Go ahead and bet the bank on this one: More black sports agents are negotiating contracts and providing financial services for the superstars of sports, where the real pot of gold is in endorsement packages. But it remains an uphill battle--despite the fact that team sports are dominated by black athletes. Of the roughly 3,000 athletes in professional team sports, 50% are black, but less than 15% are represented exclusively by black sports agents.

"Unfortunately, some of the star black players have swallowed the line that you've got to have a white agent and maybe a white, Jewish agent to get the very best deal," says Raymond E. Anderson of five-year-old Anderson Reynolds (AR) Sports Inc.
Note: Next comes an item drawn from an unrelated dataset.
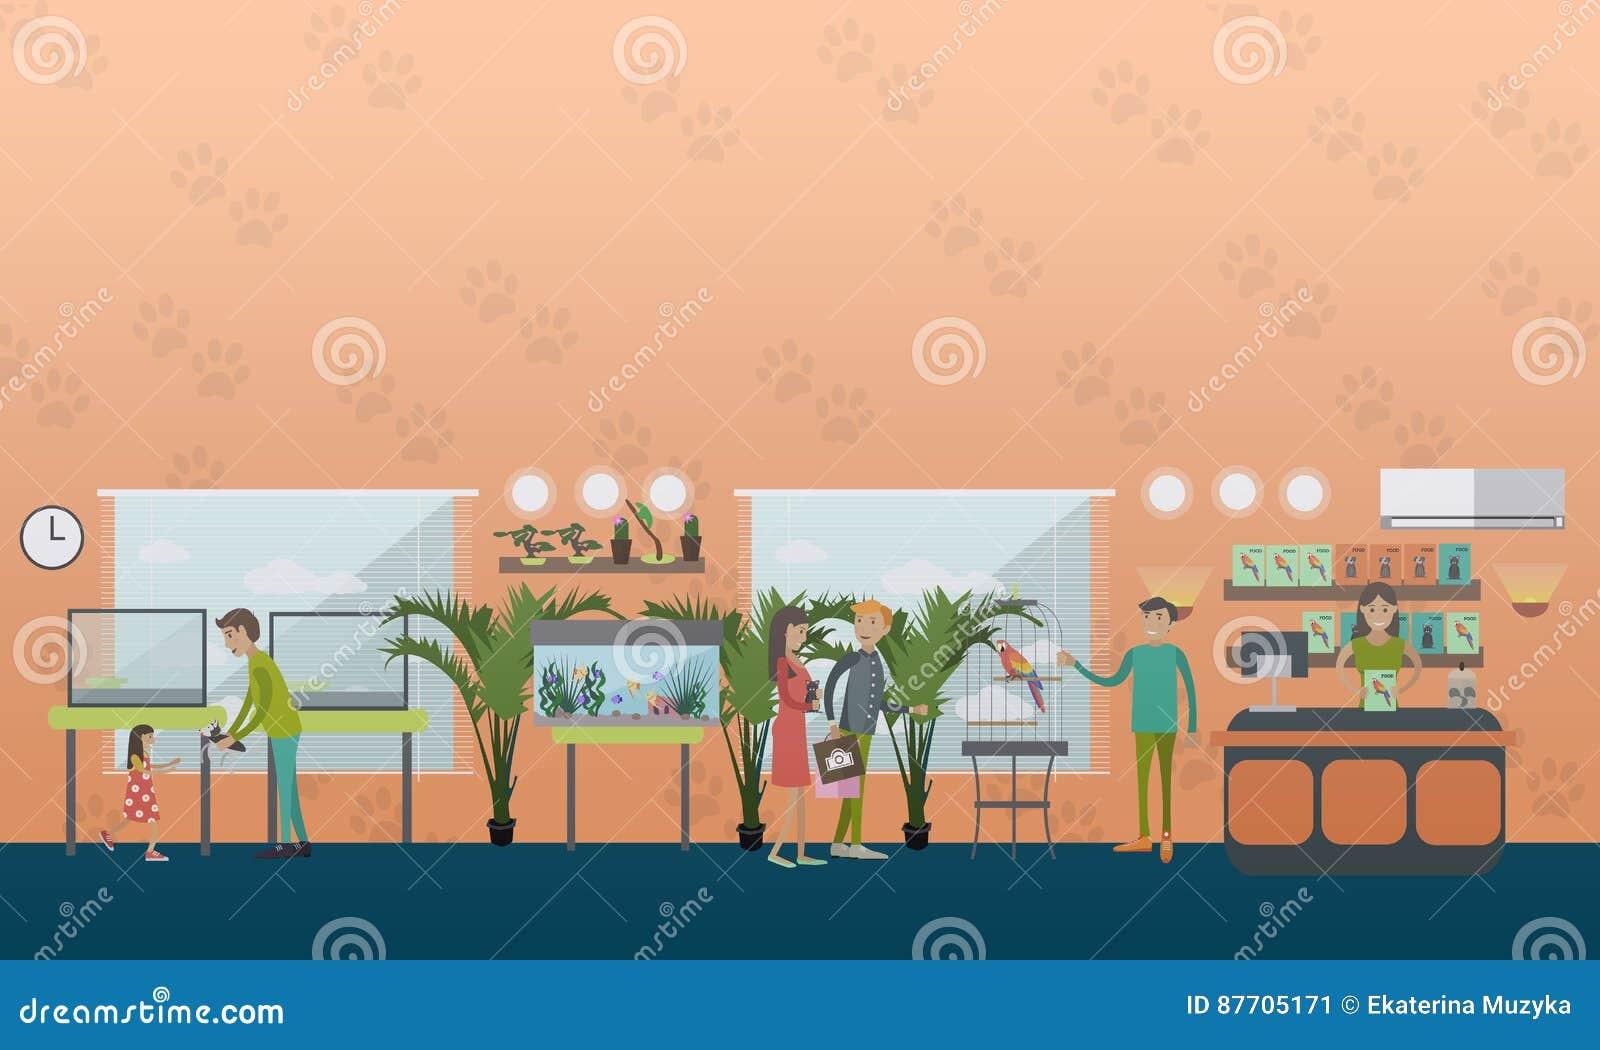 Illustration de vecteur de concept de magasin de bêtes dans le style plat

"For the most part, they're indoctrinated from the time they're in high school," adds R. David Ware, a partner with Atlanta-based Thomas, Kennedy, Sampson, Edwards & Patterson, who co-negotiated Barry Sanders contracts with agent Charles Lamont Smith and also represents Mark Clayton of the Miami Dolphins. "They're pretty much told it's the white agent and white attorney who can get you the most money," he says. "Like all black business people, we not only have to be good to get a client, we have to be great."

Despite these and other obstacles, the profit motive has inspired more blacks to dare to be great. "As long as the sports industry itself is thriving, the opportunity is going to be there for black sports agents," says Fort-Wayne, Ind.-based Eugene E. Parker, 36, whose clients include Tim Brown of the Los Angeles Raiders, Rod Woodson of the Pittsburgh Steelers and "Prime Time" himself, Deion Sanders.
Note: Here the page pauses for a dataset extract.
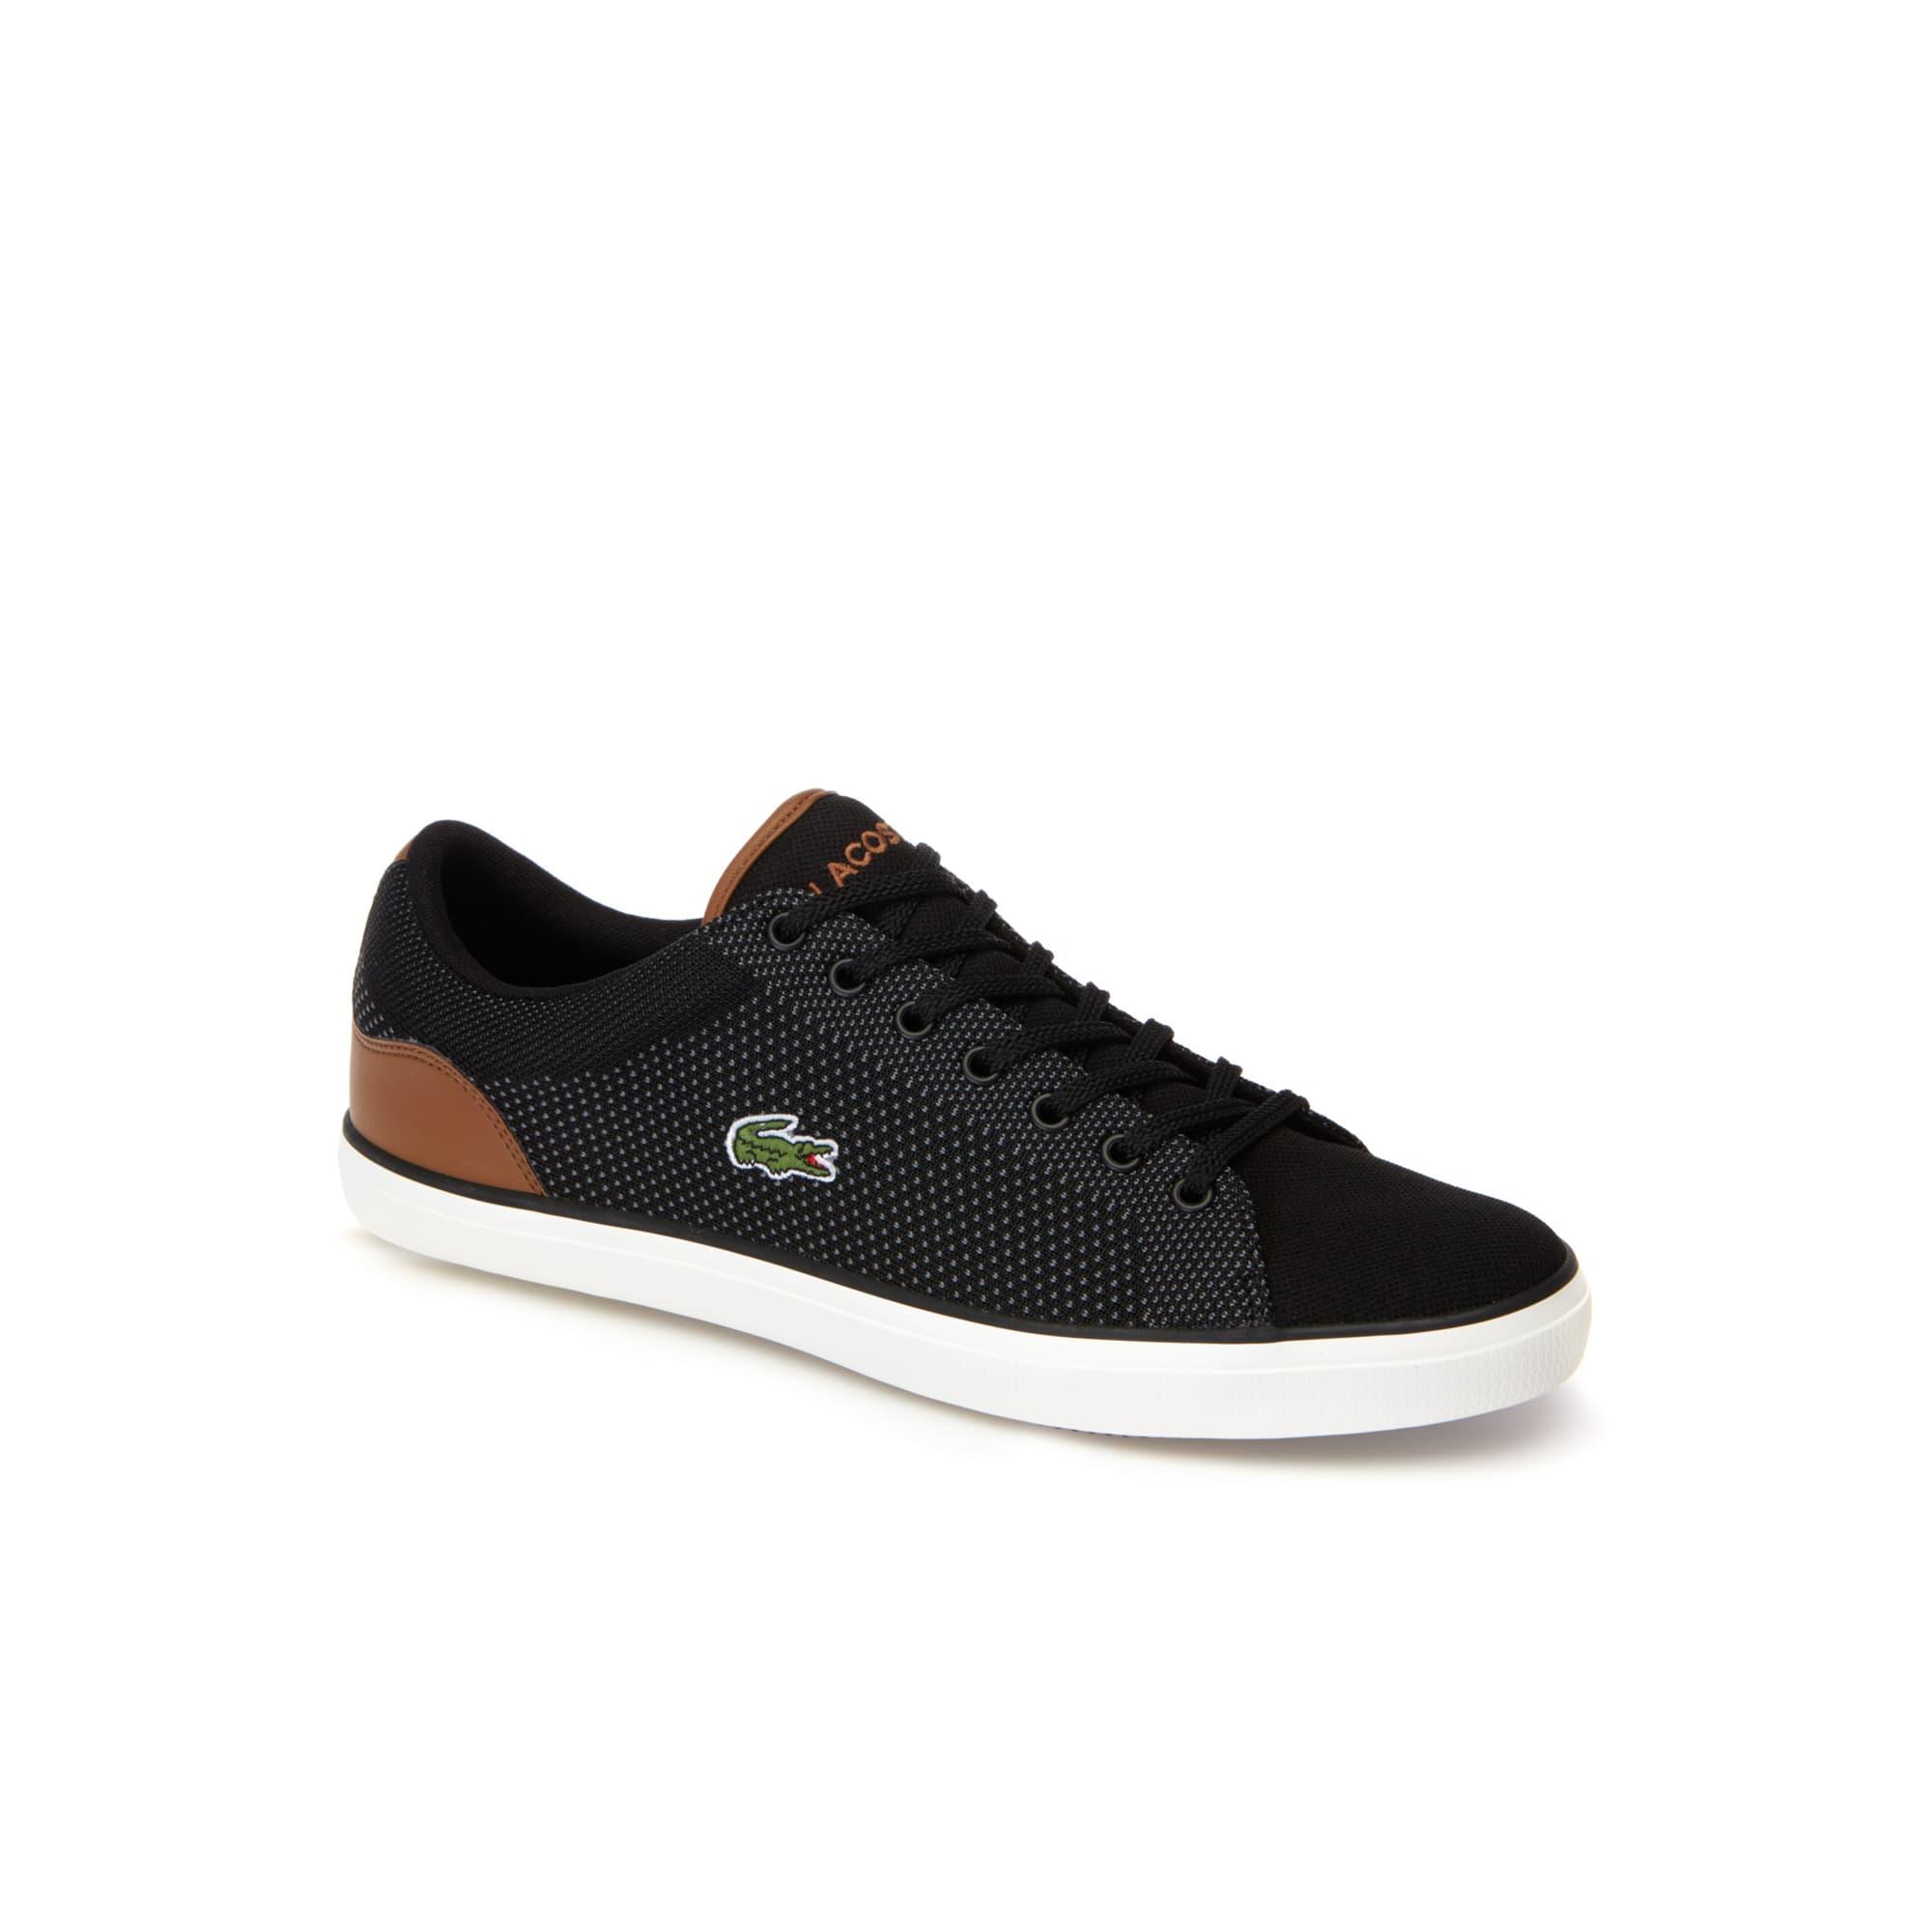 Herren-Sneakers LEROND aus Textil

And boy, is the industry thriving--thanks in no small part to black athletes. However, even as they excel on the courts, diamonds and gridirons of the world, African-Americans continue to be largely excluded from the executive suites and boardrooms of the multi-billion-dollar sports industry. Thus, African-Americans still do not enjoy an ownership stake that is representative of their contributions as loyal consumers and reliable, often highly specialized laborers in the industry. In this, first installment of a special report examining black progress in the business of sports, BLACK ENTERPRISE looks at the gains made by African-American sports agents.
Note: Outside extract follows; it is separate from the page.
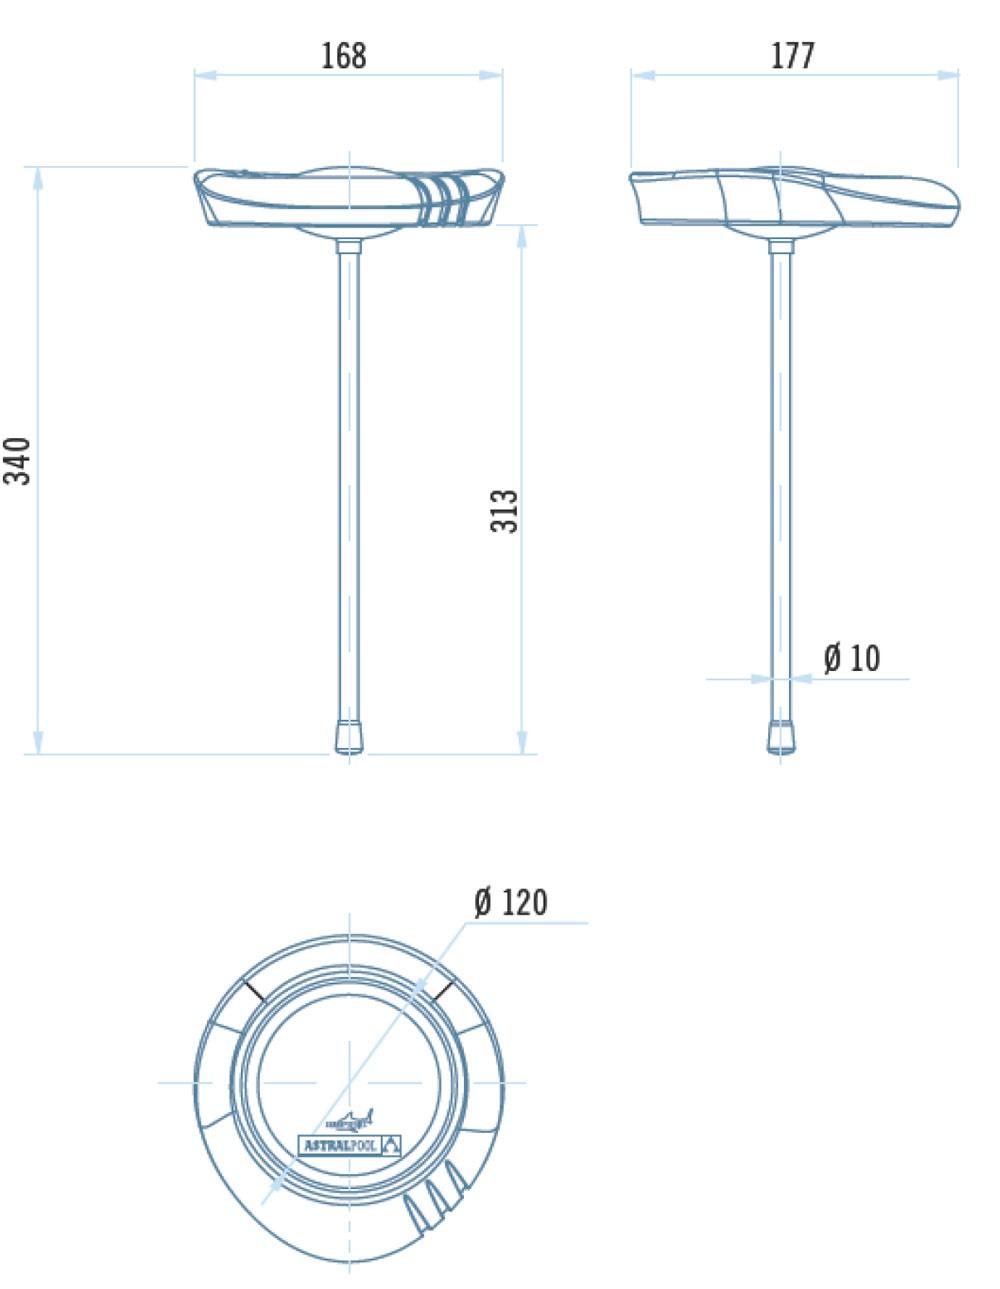 Termometro analogico per piscina Shark Astralpool dimensioni

Getting A Piece Of The Action

In 1990, sports-related companies, stadiums and performers produced over $60 billion in revenues, making sports the nation's 22nd largest industry, according to Martin J. Greenberg, coauthor of Sport$biz: An Irreverant Look At Big Business in Pro Sports (Leisure Press, Champagne, 111., $19.95) and director of the National Sports Law Institute at Marquette University Law School in Milwaukee. Approximately $580 million came from professional athletes' endorsement contracts, of which agents typically get 20% to 25%--as much as $145 million annually--in commissions. Throw in the 3% to 5% (potentially $70 million a year) in commissions that represents the agents cut of the $1.4 billion in salaries that team-sport athletes earned in 1991, and it's easy to see why sports agents outnumber athletes virtually two to one. "It can be a lucrative field because you're taking a piece of the player's income, a piece of his action," Greenberg observes. "If you represent a guy who's making $5 million over four years, that's $200,000 in commissions. Fifty thousand dollars a year is a living for a lot of people."